Saturday is a big day for Eastern Iowa Juvenile Diabetes Research Foundation as well as all of the Type 1 diabetics in the area. It is the JDRF Gala! The Gala is a black tie event in which a silent and live auction is held, as well as a dinner, social hour and entertainment in efforts to raise money for research. It is an event that is way more formal than my every day life, but a very special and fun event. I get the opportunity to deliver a special message at this year's event, which I am truly honored to do. I am a bit nervous, but know I will push through without a problem because my purpose is strong.
This is a very emotional event for me. I recall holding back tears at last year's event, especially when watching the kids in the Gala video (which can be viewed by clicking the link on the right hand column). This year, K'la and I are in the video and while filming the video I had a very tough time holding back the tears. I guess I am the type of person that wears my emotion on my sleeve when it is involving something that I want so bad for someone I love so much. Which brings me to the title of this blog.

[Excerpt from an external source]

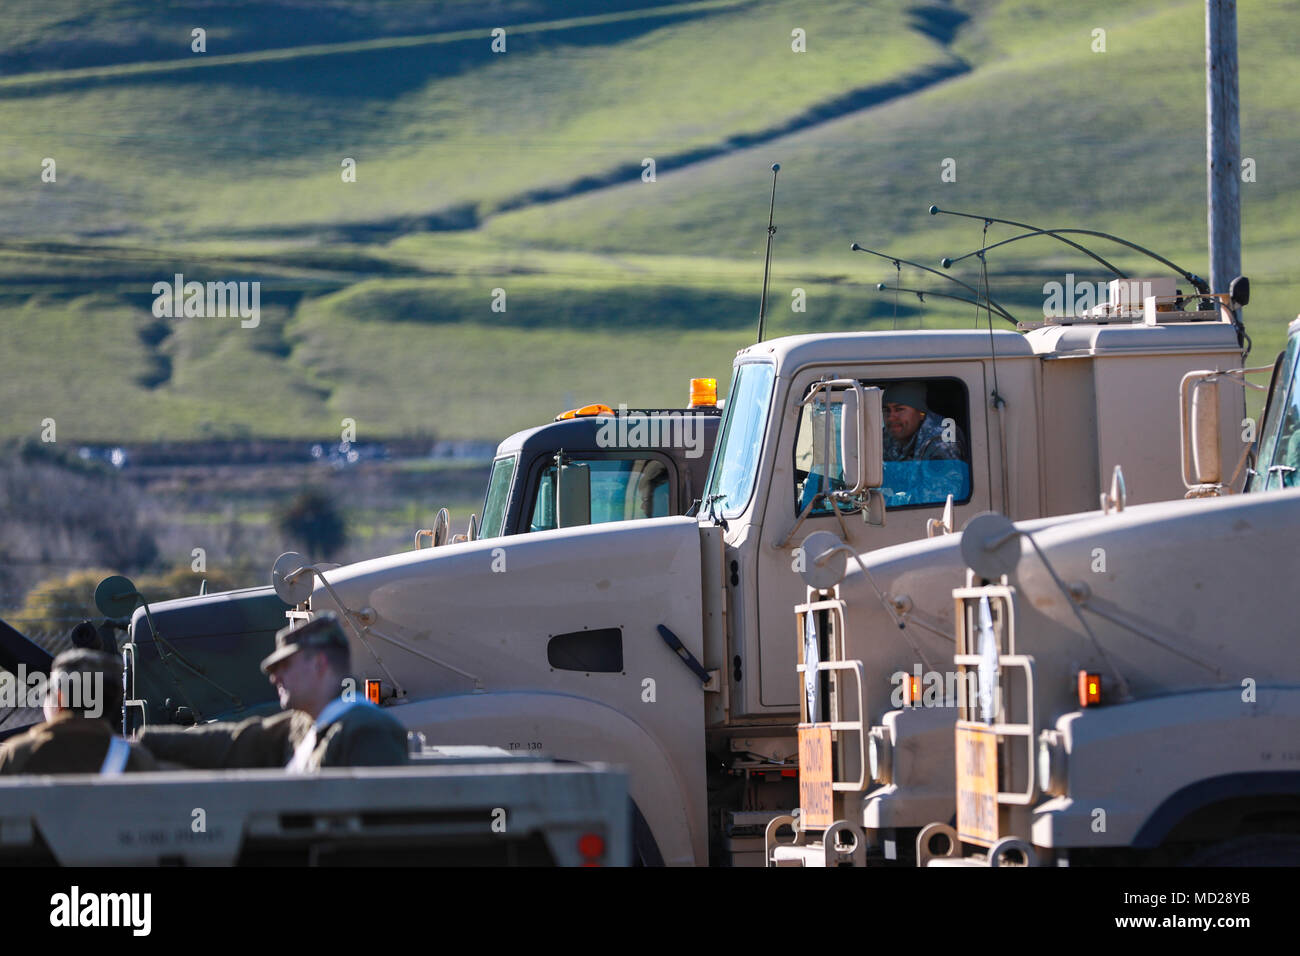 U.S. Army Reserve Soldiers prepare to conduct convoy operations during Operation Patriot Bandolier at Military Ocean Terminal Concord, California, Mar. 2, 2018. Operation Patriot Bandolier is a real-world strategic mission utilizing U.S. Army Reserve, National Guard and Active component Soldiers transport Army materiel and munitions containers across the U.S.     (U.S. Army photo by Sgt. Eben Boothby) Stock Photo

"No Fear" use to have a clothing line with clever/cocky slogans on them. I use to wear the t-shirts because I thought they made me seem tough. One shirt that I wore said "It's not the size of the dog in the fight; it's the size of the fight in the dog". This is saying that it's not the physical size that matters, it's what"s inside. I often think of this slogan as I thumb through pictures of kids with juvenile diabetes. My daughter, Micheala, for example is one of the smallest kids in her class, or even for her age, but her fight makes her a giant. She wishes that she wouldn't have to get up and fight every morning, but she does it because she has no alternative. I see her fight and can't help but think of the millions of other kids like her that get up and fight every morning because they have no alternative. Right now, she doesn't have the knowledge to advocate for herself, so that's where I come in.

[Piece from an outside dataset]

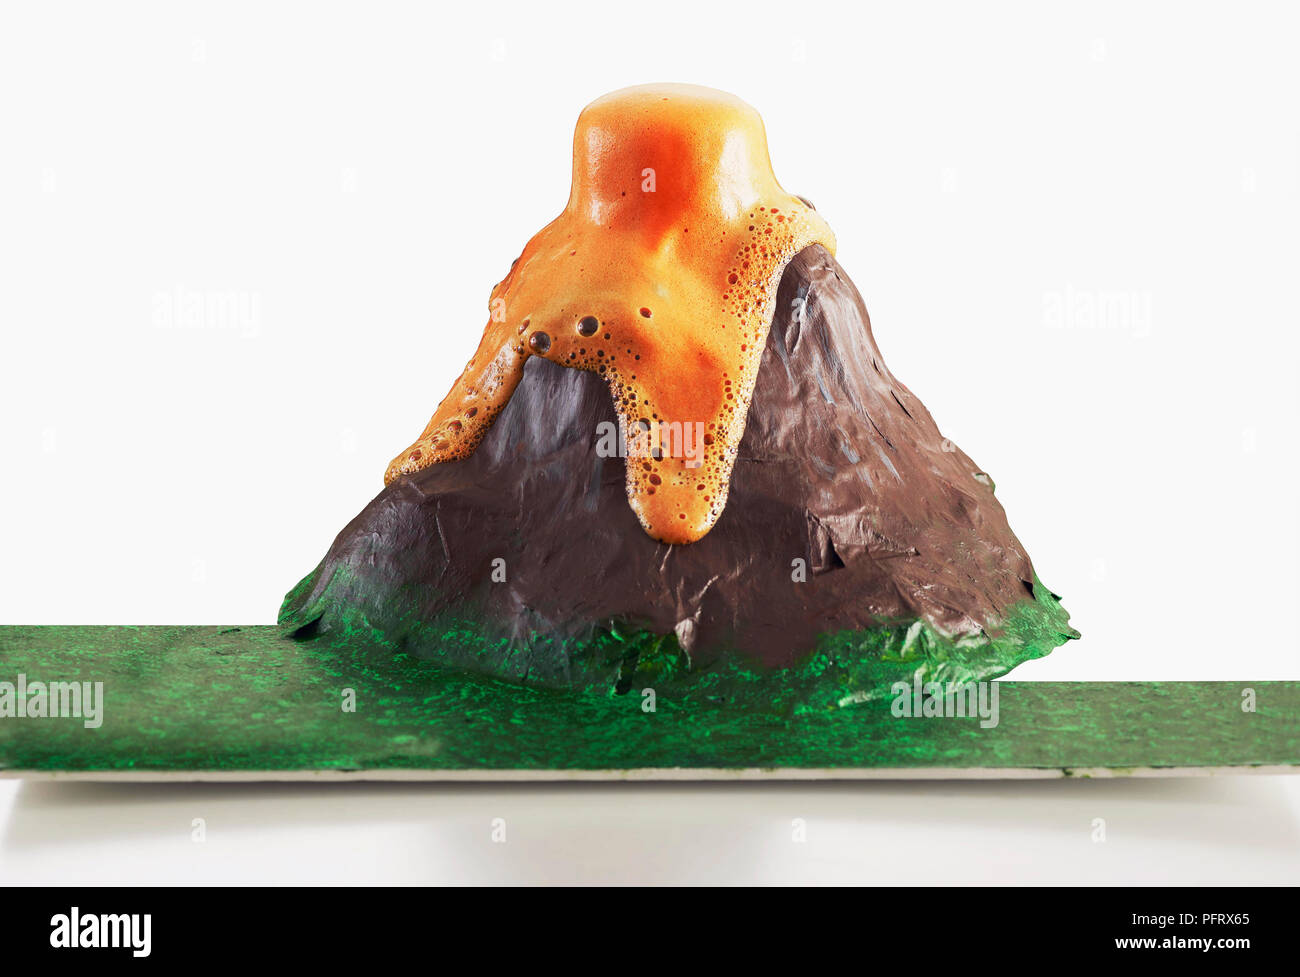 Step by step science experiments, erupting volcano. Stock Photo

Saturday night, as I stand in front of thousands of potential donors and deliver my message, I will be thinking about Micheala and the millions of other kids with juvenile diabetes. I will be looking at the pictures hanging in the ballroom of the kids from Eastern Iowa that have juvenile diabetes and hoping that I am delivering a message that will encourgae the audience to donate. I will have conversations with families that have children with diabetes in which we will share our stories and our on-going concerns about our diabetic children who will not be with us on Saturday night. Most importantly, I will be thinking about the size of the fight in these kids and hoping that I can come close to matching that fight in my efforts to advocate on that night.
I did not choose to be diabetic. Micheala did not choose to be diabetic. We choose to fight!
It is very safe to assume that I will be a "small dog" in that ballroom on Saturday night. I live in Urbana, Iowa, live paycheck to paycheck and am a very small town guy. However, none of that will matter because I will be the "biggest dog" in the room in regards to the fight and passion that I have for funding a cure for juvenile diabetes.
Finally, as I write this blog and listen to the radio, I don't think that it's coincidence that "I'll Be" by Edwin McCain came on the radio. So for all of the juvenile diabetic kids, on Saturday night, "I'll be the greatest fan of your life".
Hi Mike,
ReplyDeleteI received an email from your Aunt Mare this morning. So I have spent the last half hour reading your blogs. I don't blog, so this is new to me. But what isn't new is you! You are showing all of your wonderful characteristics through your writing. I am seeing an amazing man with heart, passion, confidence, and conviction. I think back to your grandmother. She was such an inspiration to me through the years. Now you are inspiring thousands. I am actually at a loss for words. So just remember that you are so special and I am proud to have had the opportunity to be in your life.